La obra de Claude Bernard, Introduction à l’étude de la médecine expérimentale. De la difusión del conocimiento a la traducción
DOI:
https://doi.org/10.7203/qfilologia.17.3382Keywords:
translation, translation reception, discourse analysis, scientific discourse, terminologyAbstract
In this work, we will study the scientific translation of a text that made a great impact long time ago within the sphere of science. We study the Spanish translation of Claude Bernard’s masterpiece: Introduction à l’étude de la medicine expérimentale (1865) translated as Introducción al estudio de la medicina experimental (from now on Introduction). Given that this work is too long, we have studied the first part of the Introduction, which is divided in two chapters. The first is subdivided in six chapters and the second in eight. Since its publication, the Introduction has been the object of two significant translations: on the one hand, that provided by Antonio Espina y Capo (1880); on the other, Jaume Pi- Sunyer’s 1976 version. Espina y Capo was born in Toledo 1850 and died in Madrid in 1930. He was a doctor and innovator in Spanish radiology. He wrote a lot of scientific works in his field of knowledge, which included a wide range of disciplines such as cardiology, epidemiology and tuberculosis. Moreover, he was an outstanding translator of scientific texts, as shown by his Introduction. Jaume Pi-Sunyer was born in Barcelona in 1903 and died in New York in 2000. He belongs to a family of eight generations of doctors. He was professor of physiology at the University of Santiago de Compostela. In 1936, he went into exile in Mexico where he continued his scientific research. Then he went to New York where he got into the pharmacist industry, where he achieved a brilliant career.
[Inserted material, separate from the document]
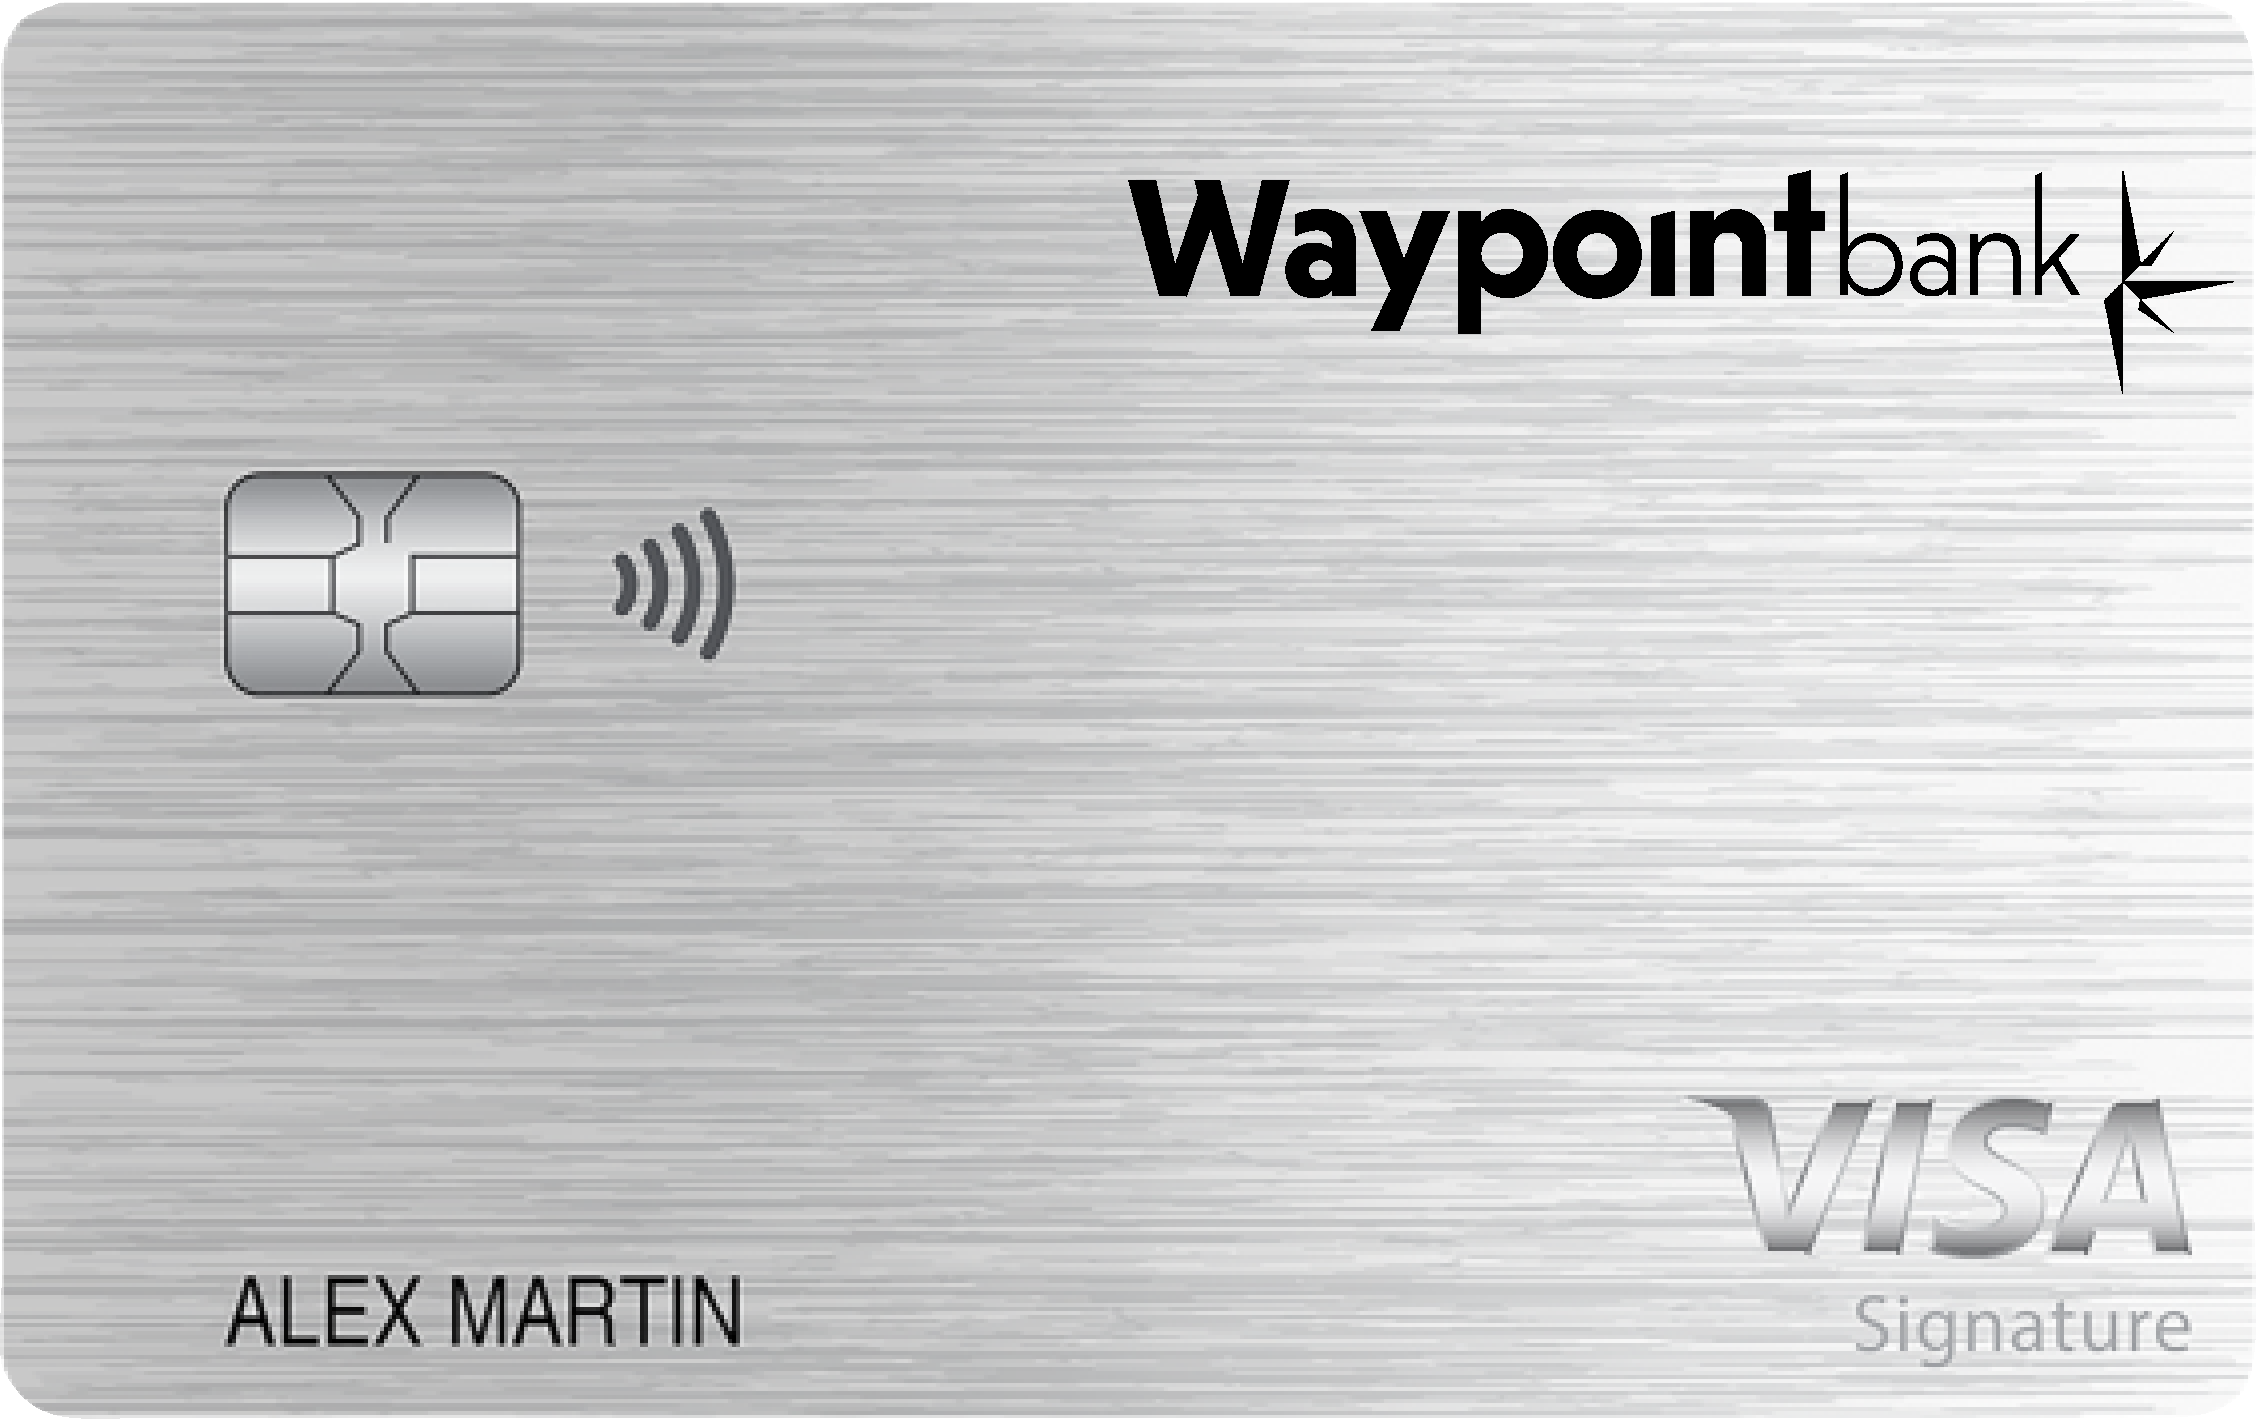 Waypoint Bank Everyday Rewards+ Card

We will focus on the translations of Antonio Espina y Capo and Jaume Pi- Sunyer. Firstly, we will study the peculiar characteristics of the original text. We will deal with expressive and terminological aspects. We will observe the problem of reference (personal / social deixis). We will scrutinise if the first-person subject used by the author Claude Bernard has been respected in both translations, and the problem of time reference (i.e. we will examine if the translations have used the same verbal tenses as the original text). As regards terminology, we have found differences in the translation of the French term “experiences”, translated in Pi-Sunyer’s version by “experiencias” and by “experimentos” in Espina y Capo’s translation.
There is another term for which different translations are provided. That is the Latin term “criterium”. To conclude, we have established a number of convergences and differences between the original text and its Spanish translations.